Tout compte fait, la déviation de la dramaturgie télévisuelle a gravement nui à la société tunisienne, de manière apparemment invisible mais réelle, en diffusant des valeurs de violence et une culture du risque. Lorsque le spectateur parcourt les génériques de ces séries, il constate que le réalisateur est celui qui a écrit et traité le dialogue et choisi les acteurs, sans tenir compte des questions relatives aux valeurs sociétales et de coexistence.


Dramaturgie dépourvue de signification dans la durée


Cela a conduit à ce que l'on peut appeler la mort du sens de la dramaturgie télévisuelle en Tunisie. Les œuvres dramatiques présentées au cours des deux dernières décennies trouvent des justifications pour leurs nombreuses lacunes symboliques de la part des analystes, des suiveurs et des critiques sous des clichés effrayants tels que "nous devons nous confronter à nous-mêmes par la dramaturgie" ou "aller vers l'inavouable" ou "c'est notre vérité, il faut se regarder dans le miroir". Parfois, le public découvre que ceux qui justifient sont eux-mêmes en orbite autour de la "machine de production" et appartiennent au même groupe.

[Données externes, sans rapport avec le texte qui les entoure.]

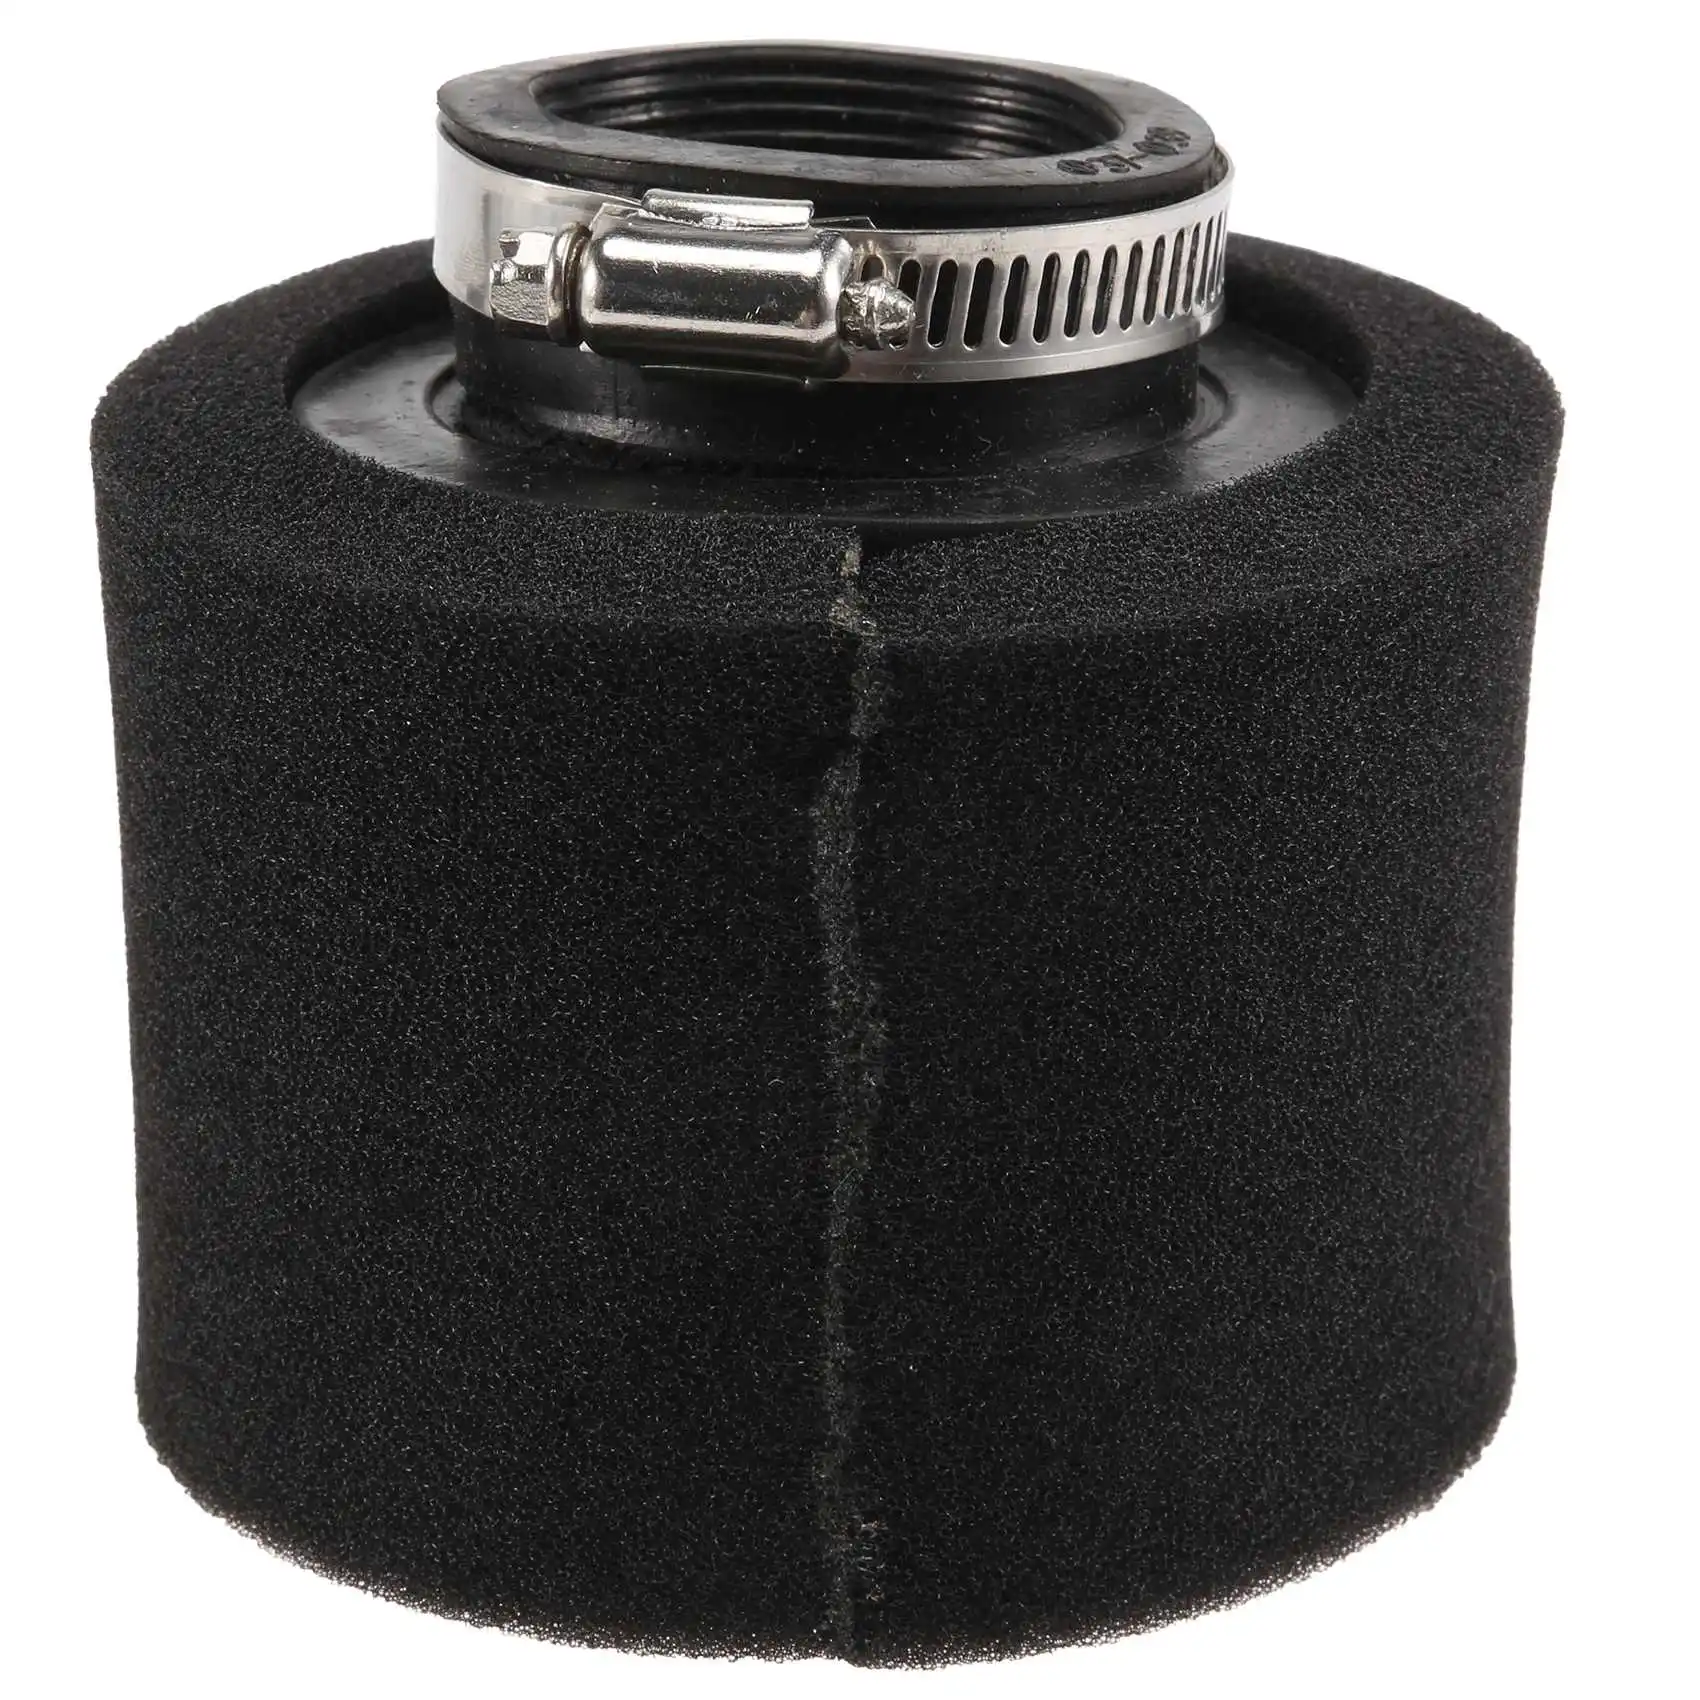 Черный 38-миллиметровый воздушный фильтр с двойным поролоном 110/125 / 150Cc, Пит-байк, Квадроцикл Atv, Багги

Cette dérive de la télévision dramatique a porté un fort préjudice à la société tunisienne, de manière peut-être invisible mais réelle, en diffusant des valeurs de violence et une culture du gain rapide. Les "leaders" de ces fictions appartiennent au monde du crime tels que "loural", "Ali Choureb", "Ouled Moufida", "Chokou", etc.


La dramaturgie télévisuelle tunisienne manque donc d'études à son sujet et d'une déconstruction de ses messages éthiques, politiques et esthétiques. Malgré les efforts provenant d'ici et là dans les universités tunisiennes, les associations, les initiatives des centres d'études ou des laboratoires de recherche, cela ne suffit pas à éteindre le feu qui a embrasé la société. Il est donc nécessaire d'une stratégie nationale claire spécifiquement pour la dramaturgie télévisuelle, à l'instar de ce que de nombreux pays arabes et étrangers ont fait.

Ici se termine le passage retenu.